◆ SUPPLIED INFORMATION
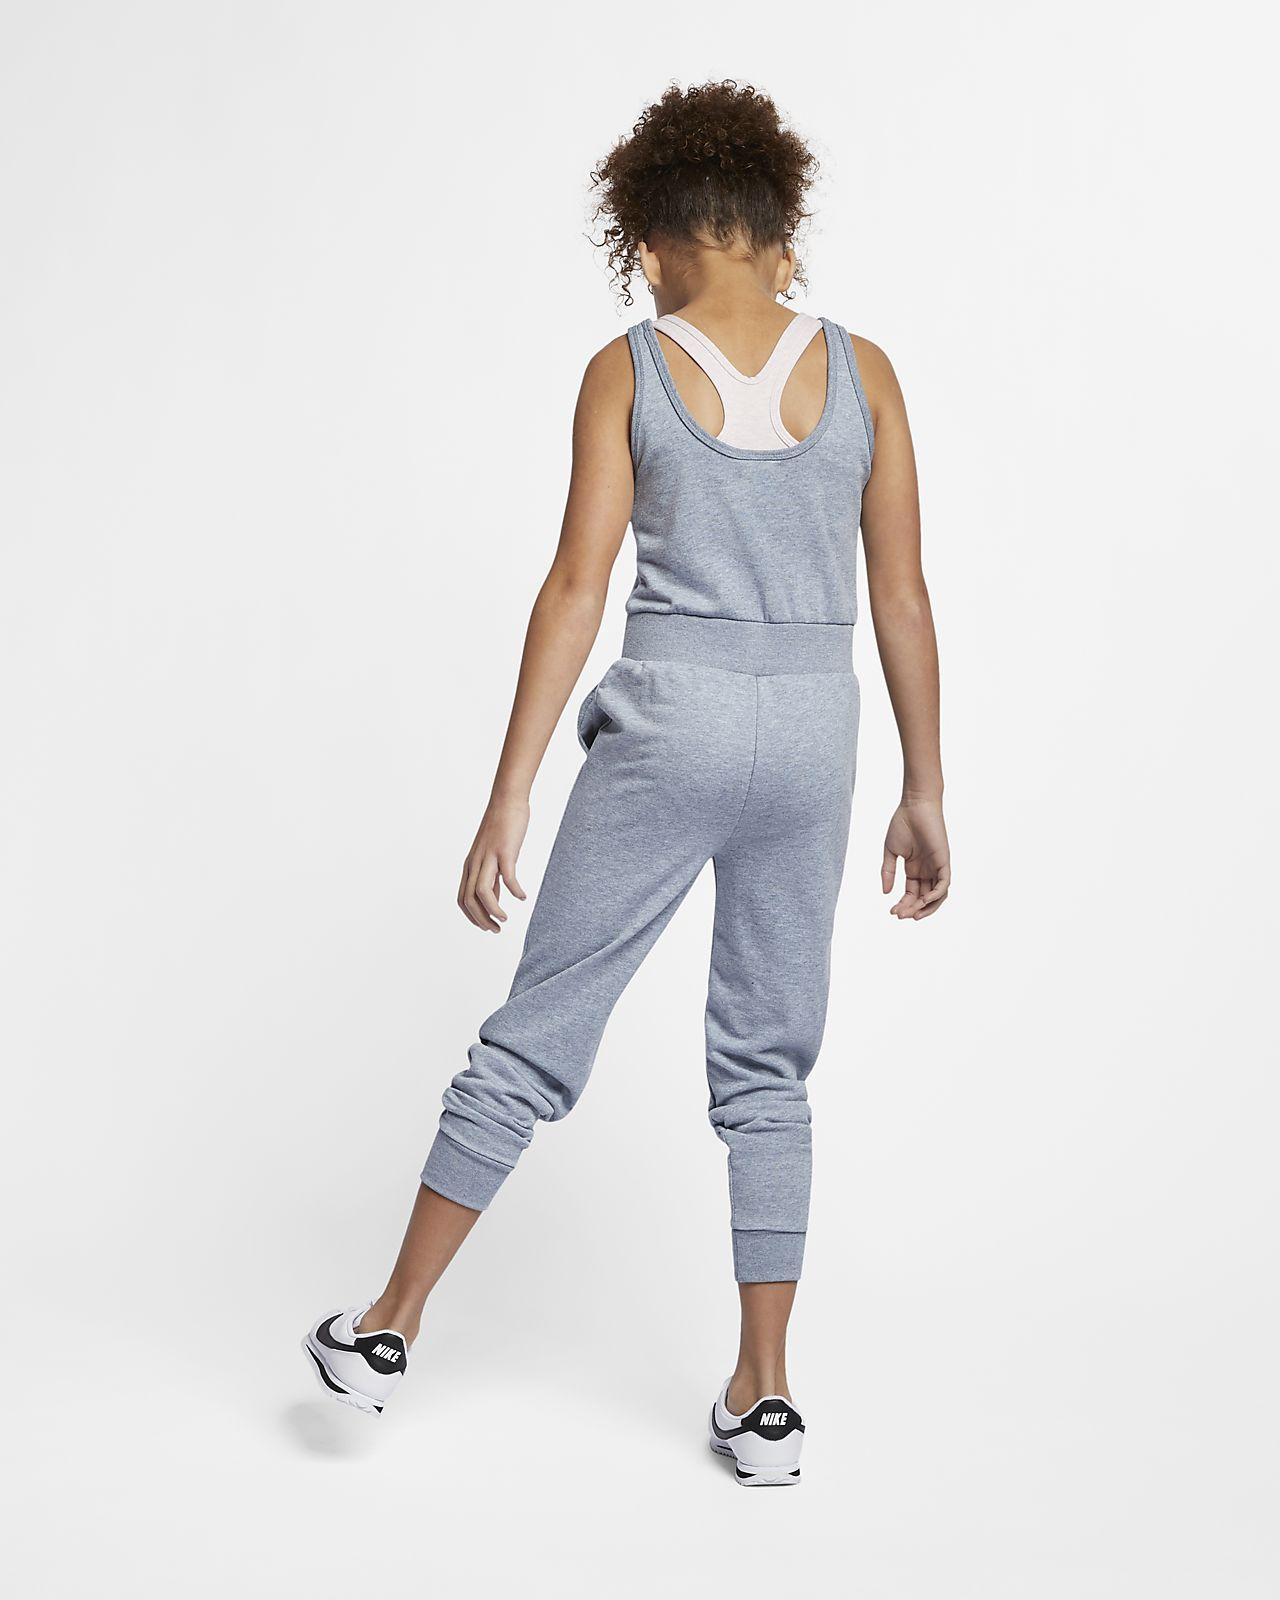 c0e92ee63 Nike Air Big Kids' (Girls') Jumpsuit. Nike.com
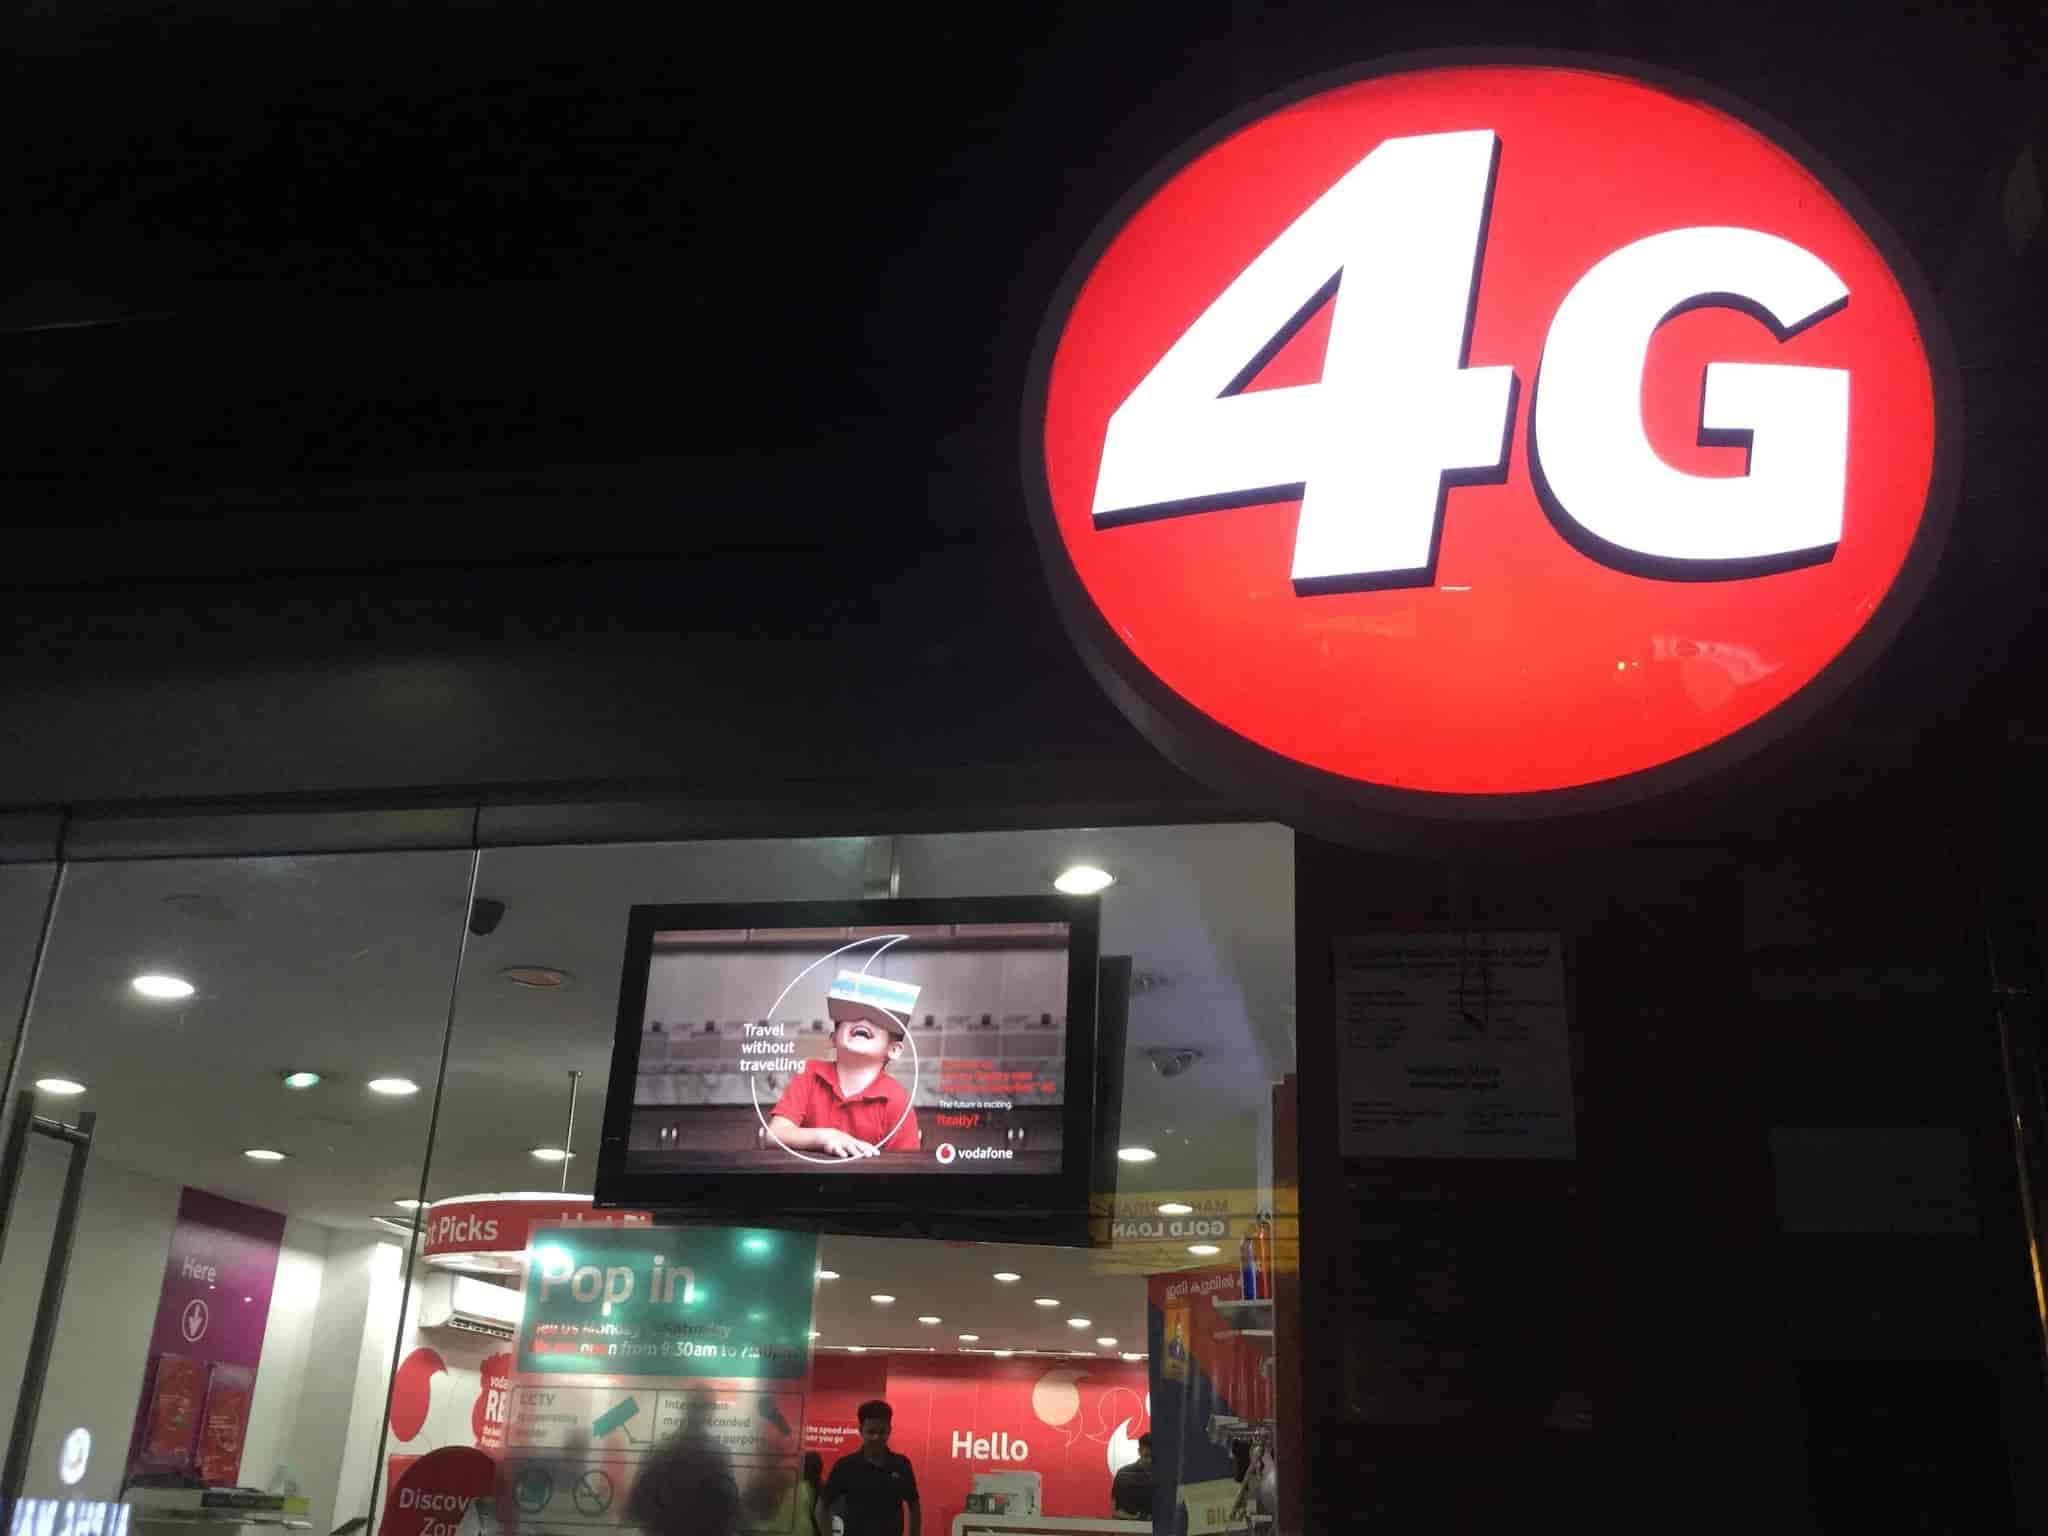 Vodafone Store, Mananchira - Broadband Internet Service Providers in
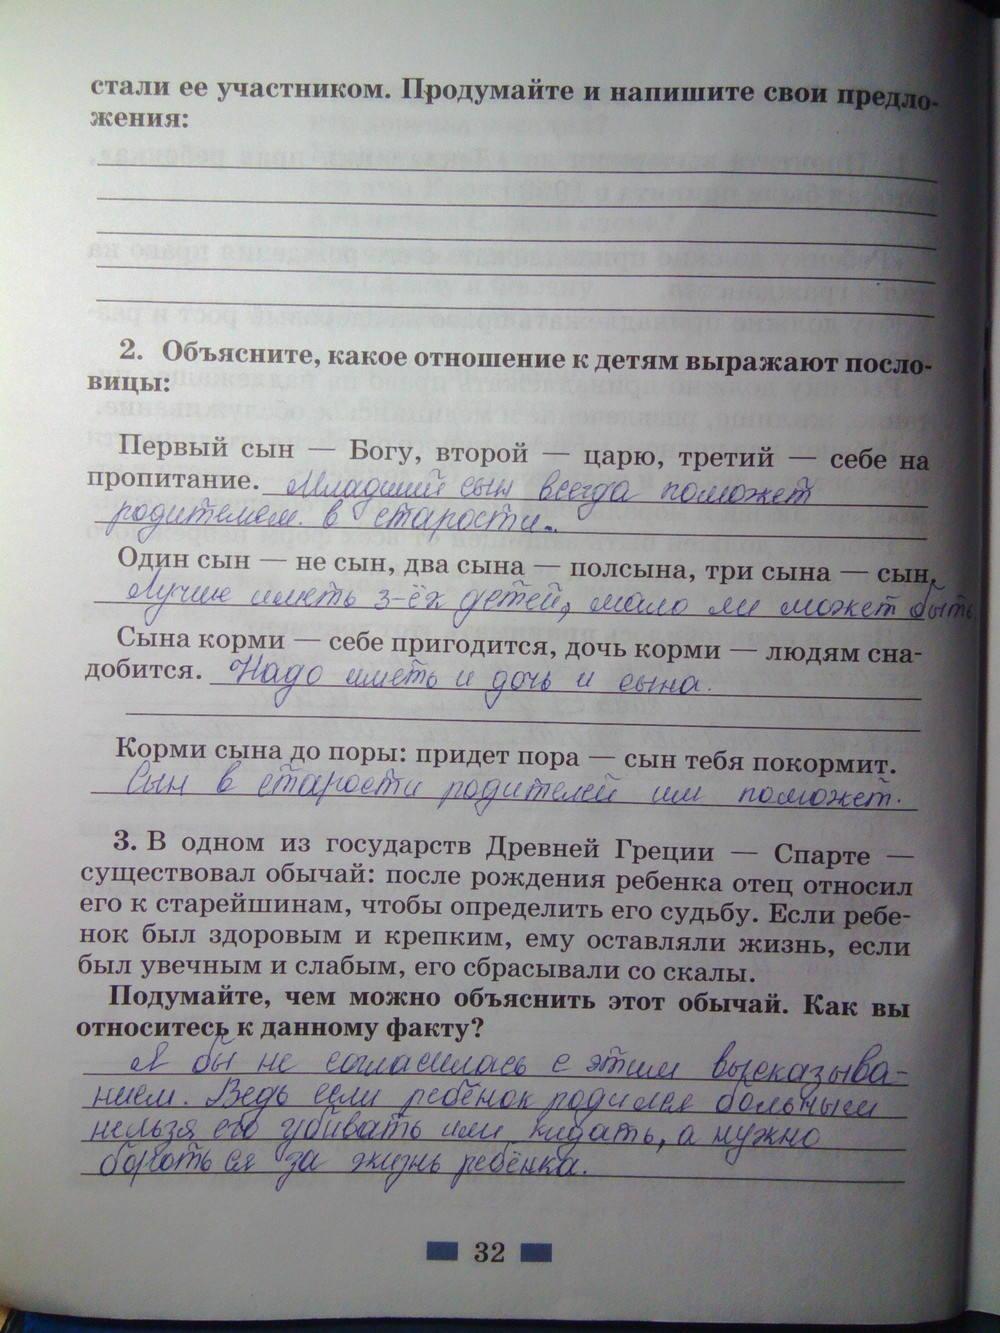 кравченко обществознанию класс гдз по за 5

◆ PROBLEM DESCRIPTION
Set the material above down again word for word. Include none of its pictures.

◆ YOUR RESPONSE
 c0e92ee63 Nike Air Big Kids' (Girls') Jumpsuit. Nike.com
 Vodafone Store, Mananchira - Broadband Internet Service Providers in
 кравченко обществознанию класс гдз по за 5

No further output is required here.